Source data:
-*-
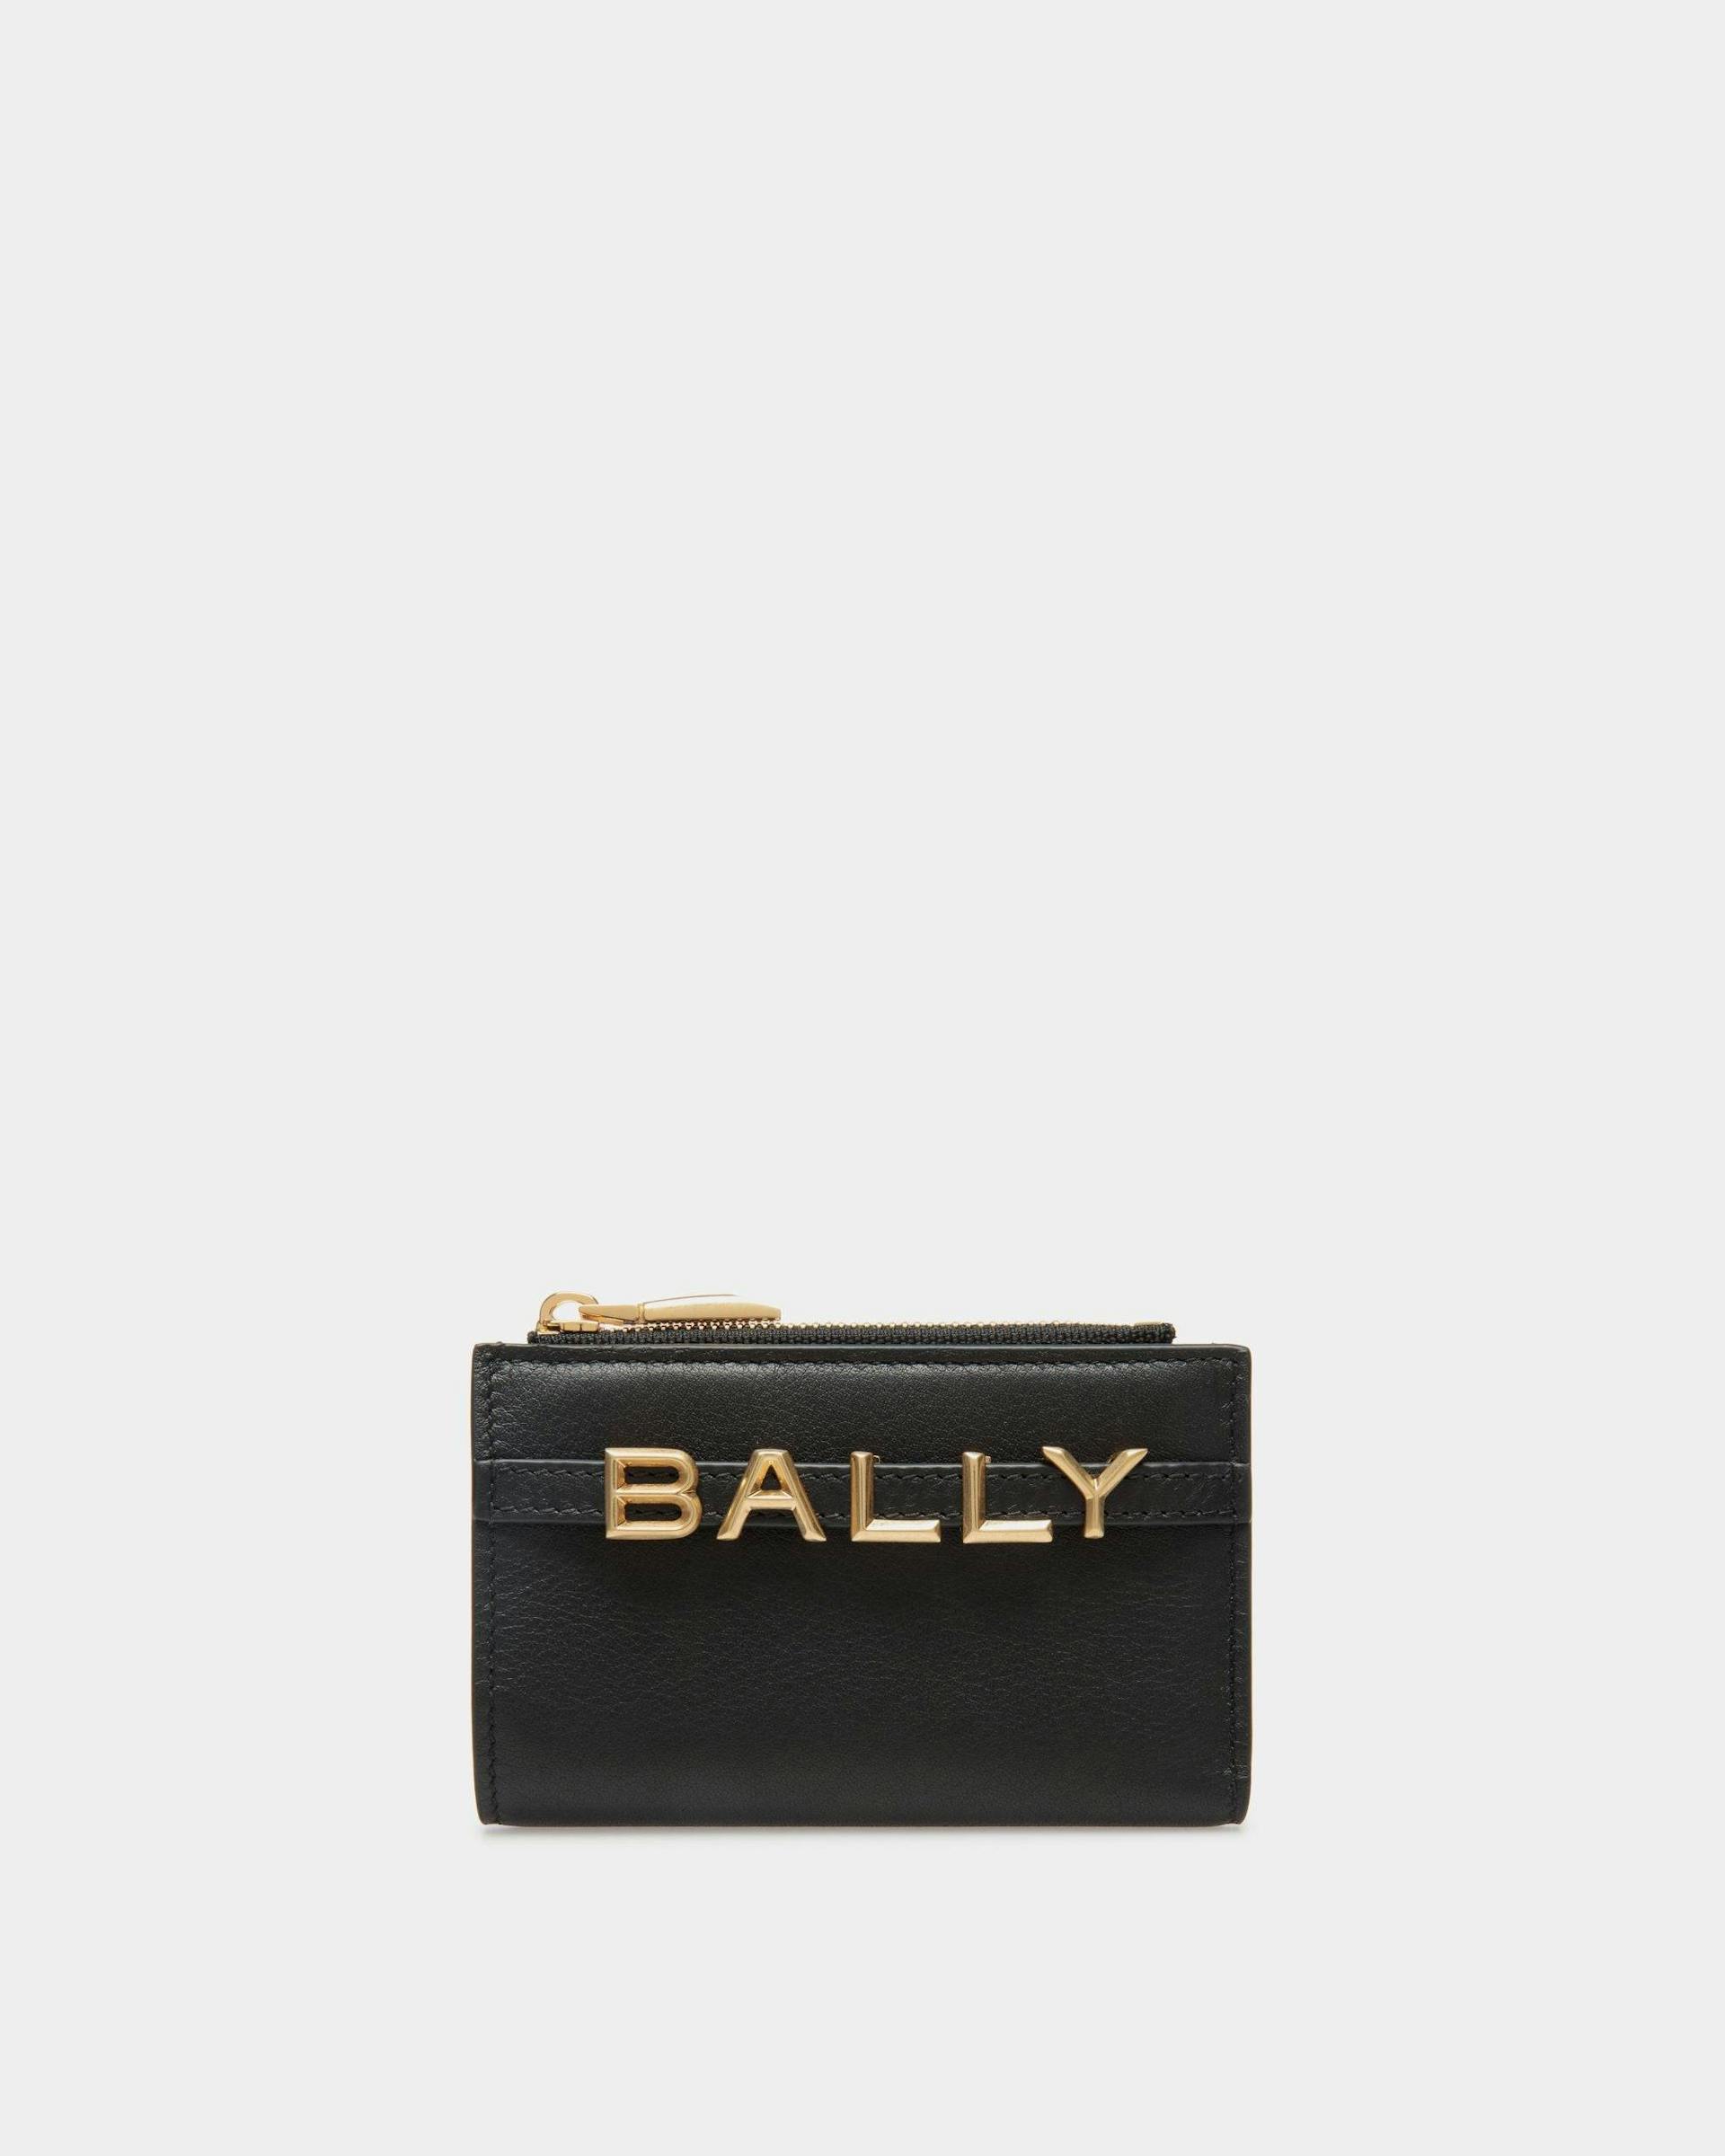 Women's Bally Spell Wallet in Black Leather | Bally | Still Life Front
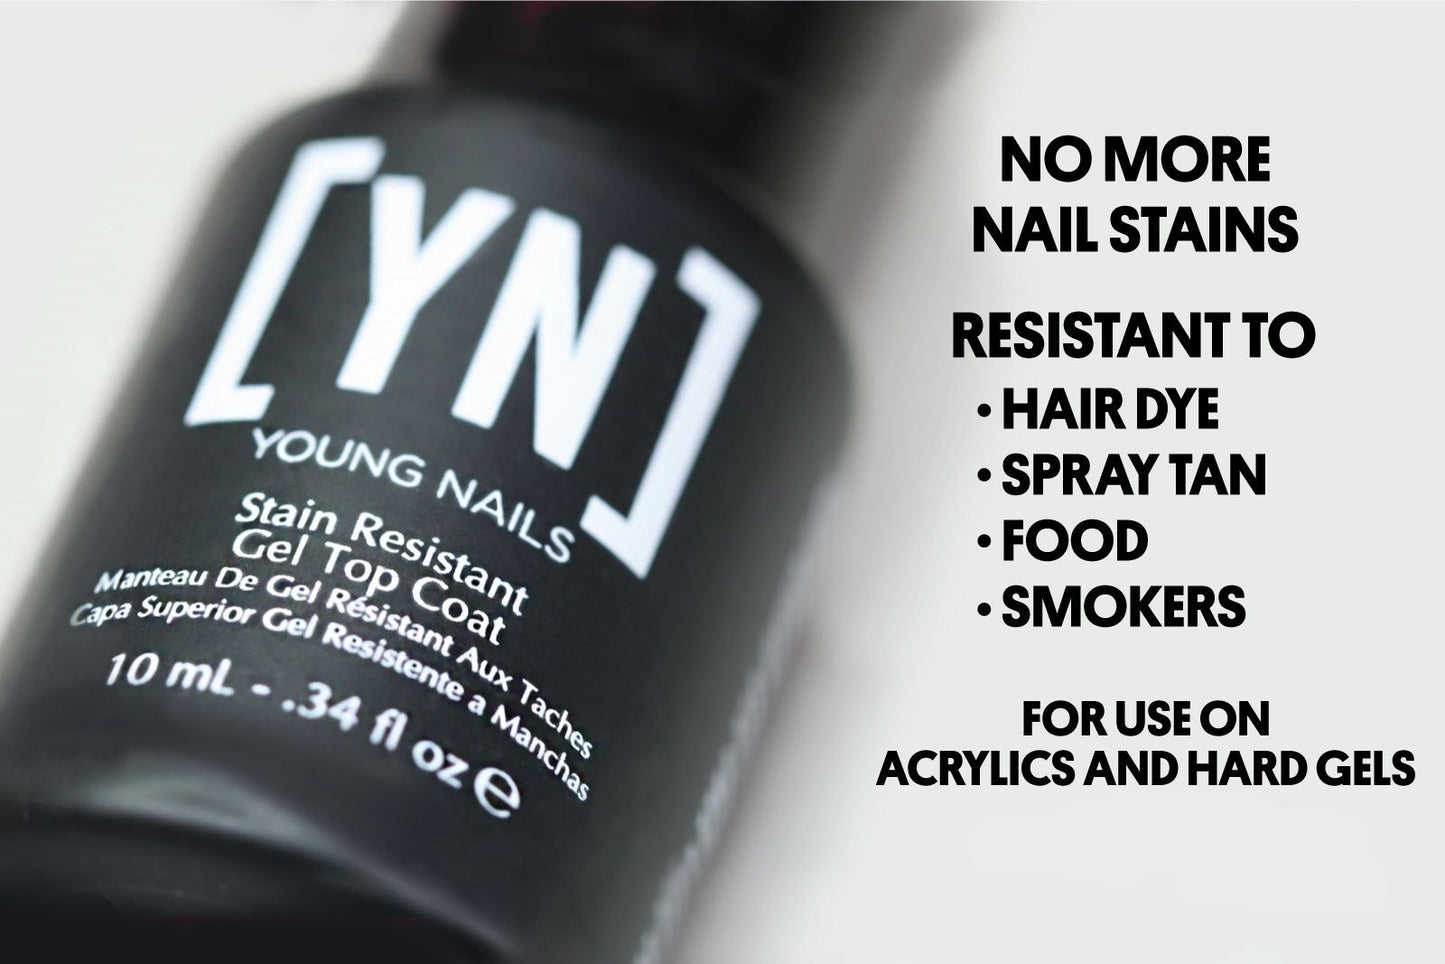 
                  
                    Young Nails - Stain Resistant Top Coat
                  
                
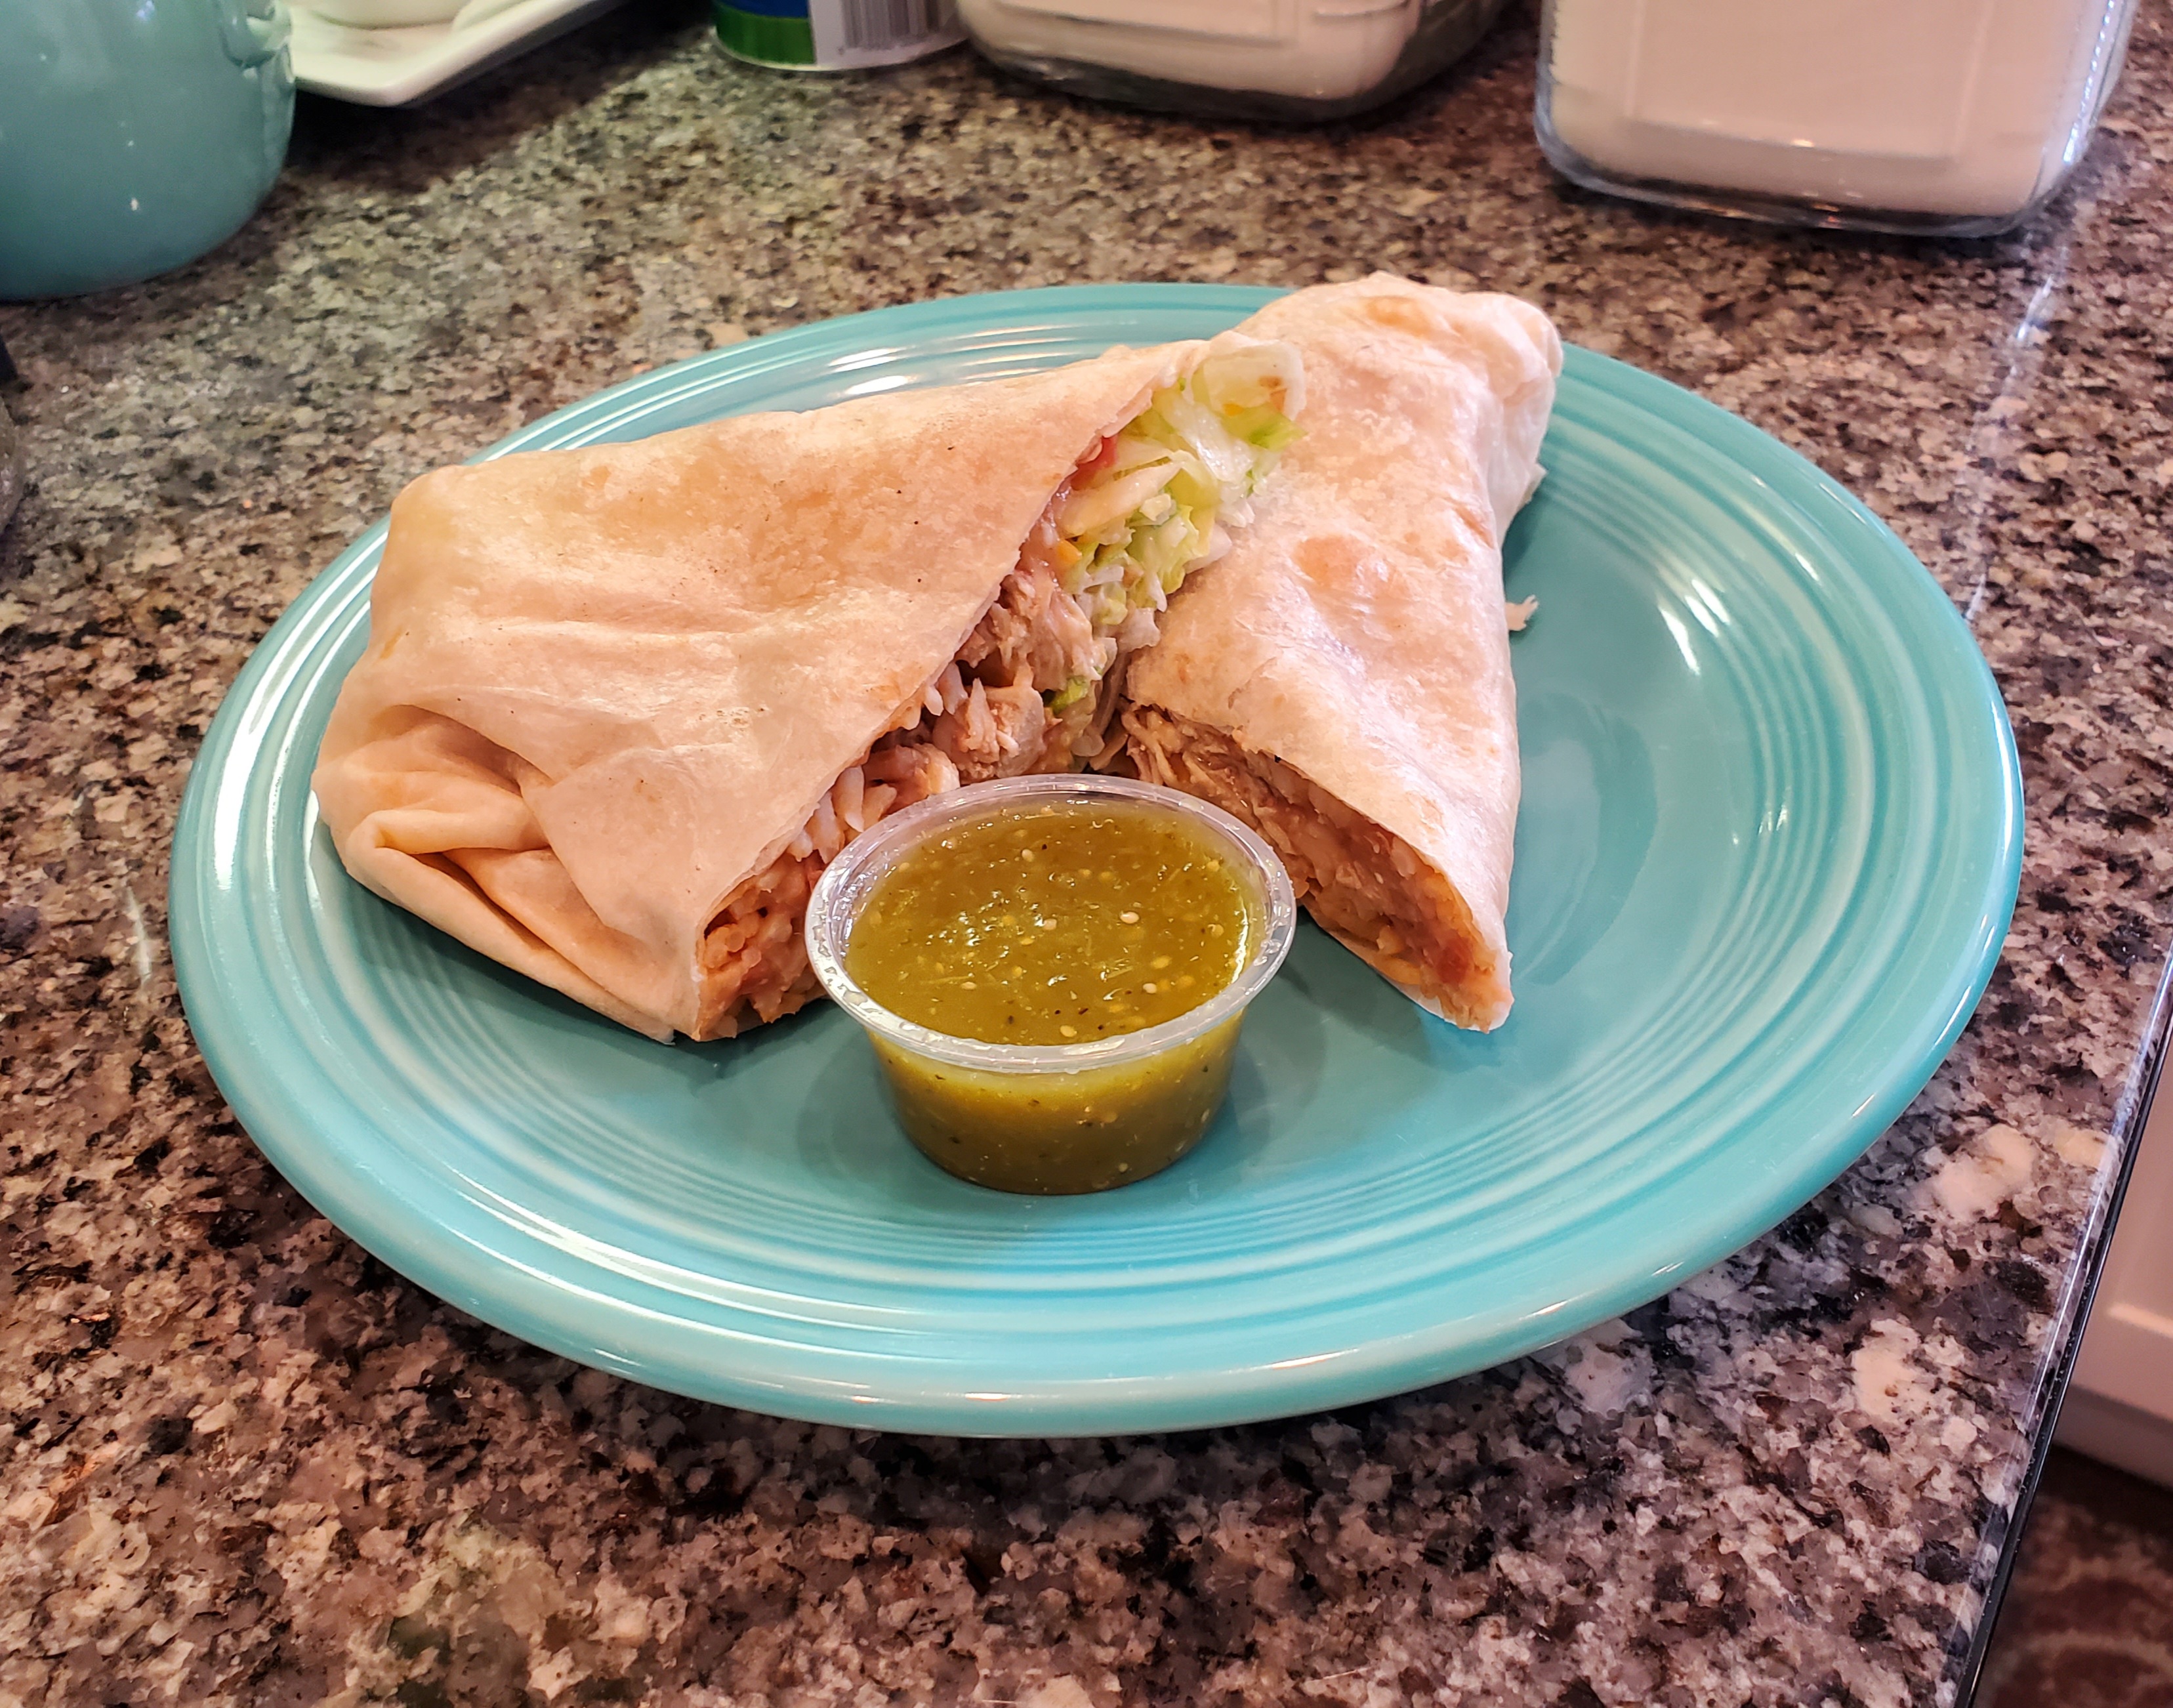 On a light blue plate, there is a chicken burrito cut in half with a small cup of verde salsa in front. Photo by Carl Busch.
-*-
Try it: Nothing but the text of the listing should be set down, exactly, with the pictures left behind.

Solution to the problem:
 Women's Bally Spell Wallet in Black Leather | Bally | Still Life Front
                  
                    Young Nails - Stain Resistant Top Coat
                  
                
 On a light blue plate, there is a chicken burrito cut in half with a small cup of verde salsa in front. Photo by Carl Busch.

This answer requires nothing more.